女の頬が釣り上がる。知らずに震えている声で、ニホン語を用いて確認した。
「へえ。都市伝説だと思っていたMKランキングが実在していたなんてね。じゃあ、このニホン人がランキング9位だったのね。なるほど合点がいった」
道理で強かったわけである。裏社会で秘密裏に行われていると噂される非公式の【ソーサラー】ランキング戦――MKランキングの上位ランカーだったとは。

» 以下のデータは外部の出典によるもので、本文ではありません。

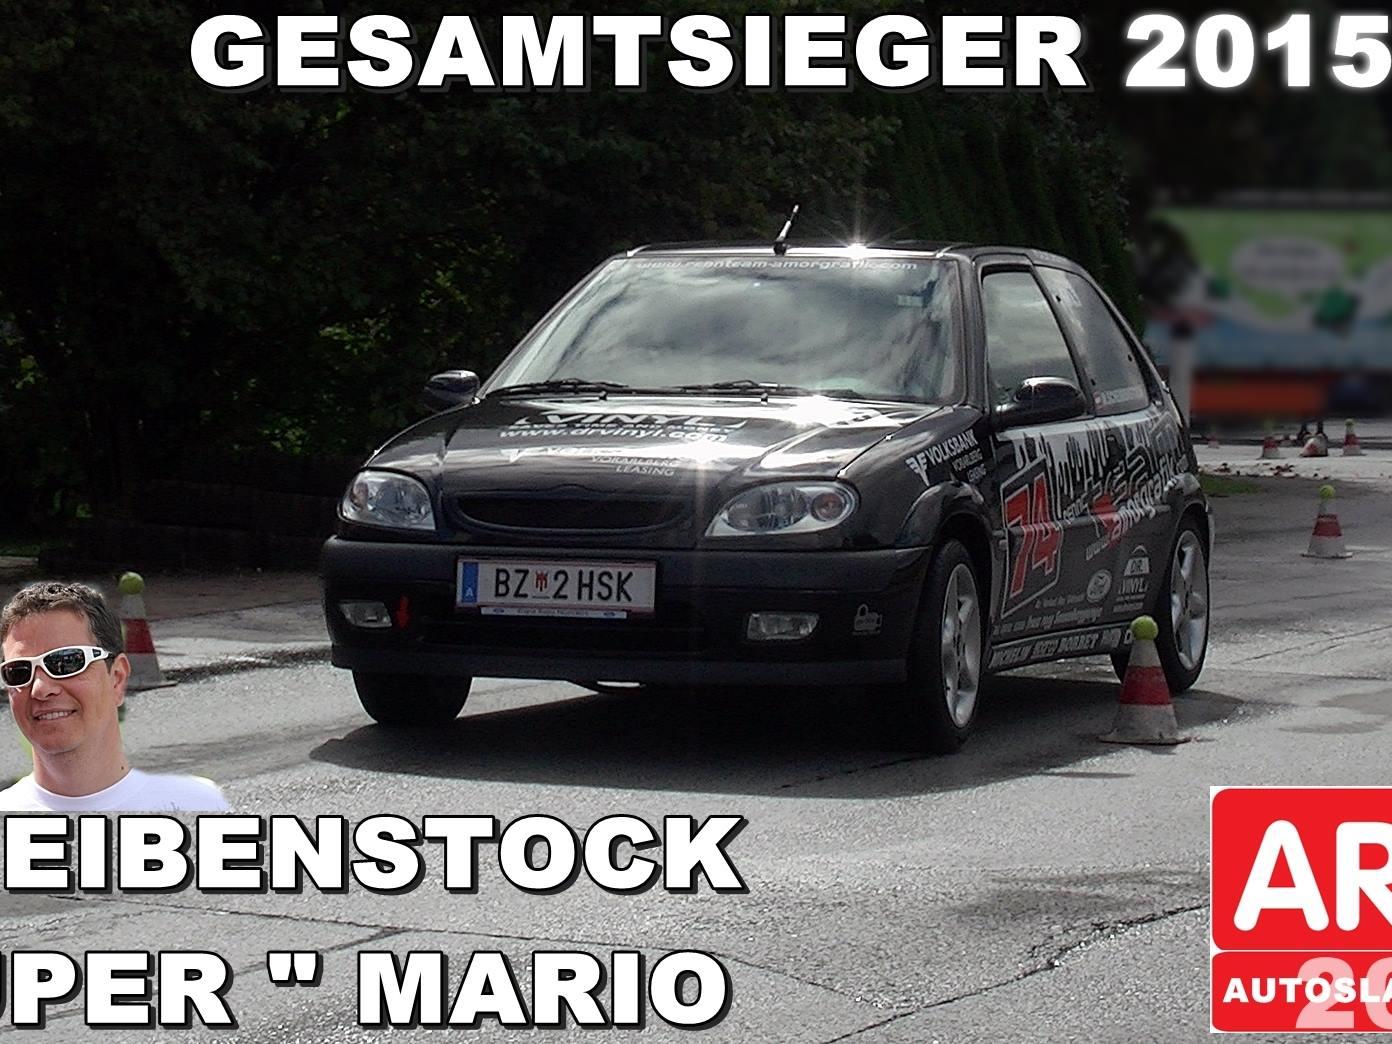 ATMAS Gesamtsieger 2015 "Scheibenstock Mario"

『その通り。私が主催者の光葉一比古だ。君に敗けた彼は9位から17位に下がるかな』
「此処ってNYよ。他にもランカーがいるのかしら?」
『残念ながらニホンの関東圏内が主戦場になる。ランカーと戦い、頂点に君臨するランキング1位を倒したいと思うのならば、是非とも東京に来て欲しい。招待状は送ろう』
東京――ニホン首都であるネオ東京シティか。
仕事のスケジュールを変更すれば、なんとかなるかもしれない。しかし……
女が返事を迷っていると、光葉が言った。
近日中にランキング上位同士が戦う特別イベントを開催する予定だ――と。
その言葉で、女は来日を決意した。